Trends in the codification of the principle of universal jurisdiction in national legislation
According to a 2012 study by Amnesty International, 163 countries (or 84.46% of United Nations member states) have the legal capacity to prosecute those guilty of certain types of crimes under the principle of universal jurisdiction. At the same time, the national legislation of 91 of those 163 countries provides for the possibility of applying the principle of universal jurisdiction to investigate and prosecute those guilty of general criminal offences. Moreover, 16 of those 91 do not criminalise international crimes at all and, therefore, allow the use of the principle of universal jurisdiction only in relation to general criminal offences. Such seemingly positive statistics show that despite the wide codification of the principle of universal jurisdiction, in most cases it lacks deliberate efforts on the part of states to generate real negative consequences for the perpetrators of international crimes.
Thus, although, in theory, investigations based on the principle of universal jurisdiction can be initiated in most countries, only certain jurisdictions will actually deal with cases based on its application. They can be distinguished from the rest based on several key features, such as:
- The principle of universal jurisdiction is aimed at international crimes;
- Legislation on universal jurisdiction is detailed;
- They have special investigative teams tailored to investigating international crimes; and
- Settled judicial and law enforcement practices of investigating and trying universal jurisdiction cases.
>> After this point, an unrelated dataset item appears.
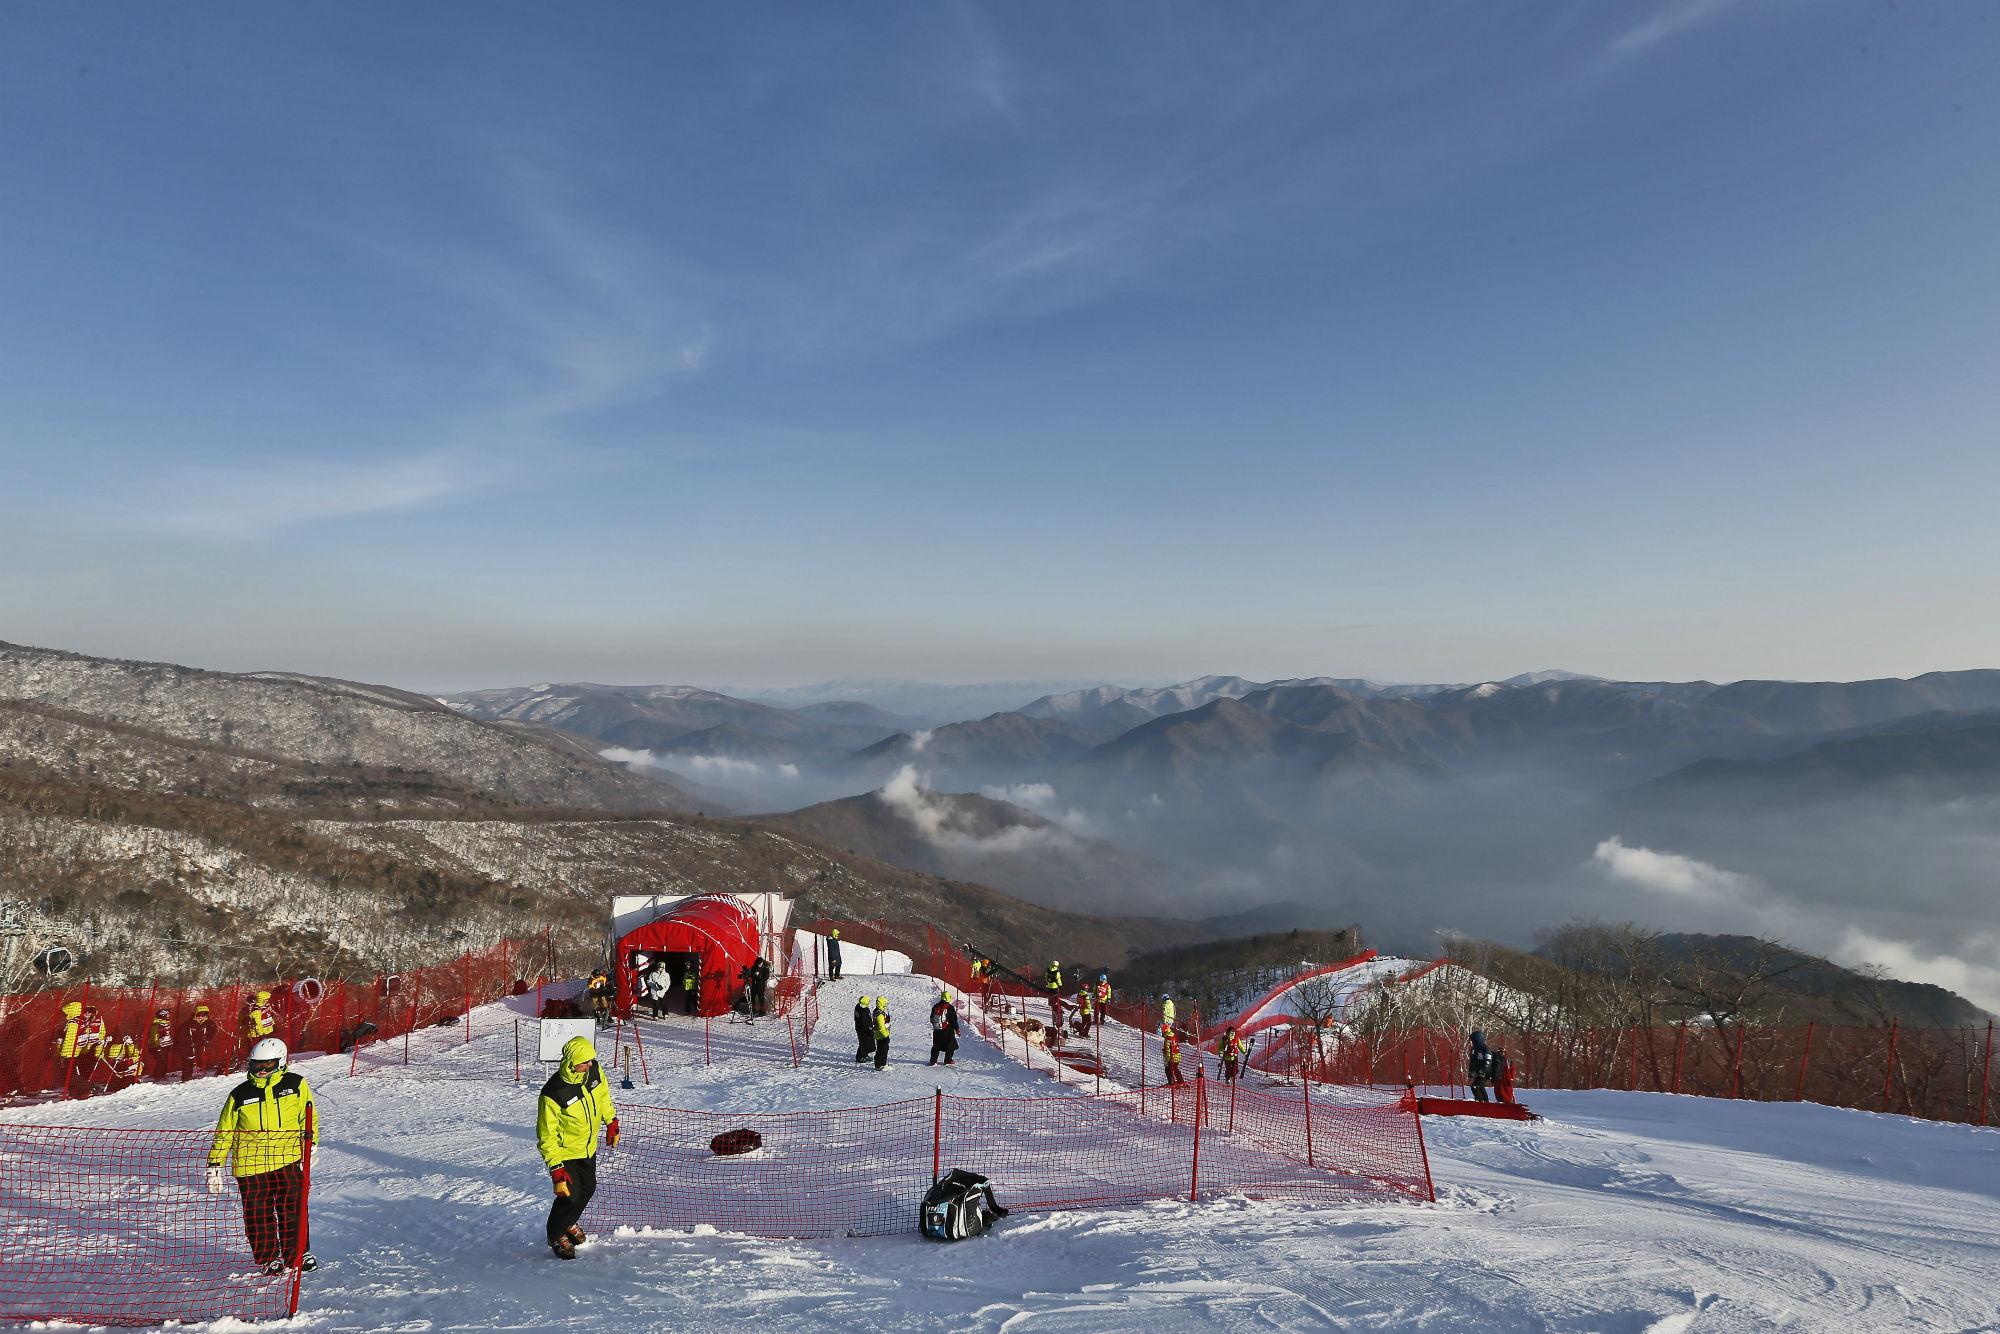 Immagini dal tracciato olimpico di Jeongseon (@Zoom agence)

An important aspect for evaluating national legislation regarding universal jurisdiction is, conditionally, the prism of “purity” of the principle of universal jurisdiction. Most modern legislative acts providing for universal jurisdiction contain certain caveat guidelines that limit the omnitude of the principle of universal jurisdiction. This statement is both static and dynamic as, since early codifications, even the countries that initially advocated a “purer” jurisdictional principle began to introduce restrictions on universal jurisdiction.
Generally speaking, national legislation can be divided into that which allows the application of the “pure” principle of universal jurisdiction and those that do not.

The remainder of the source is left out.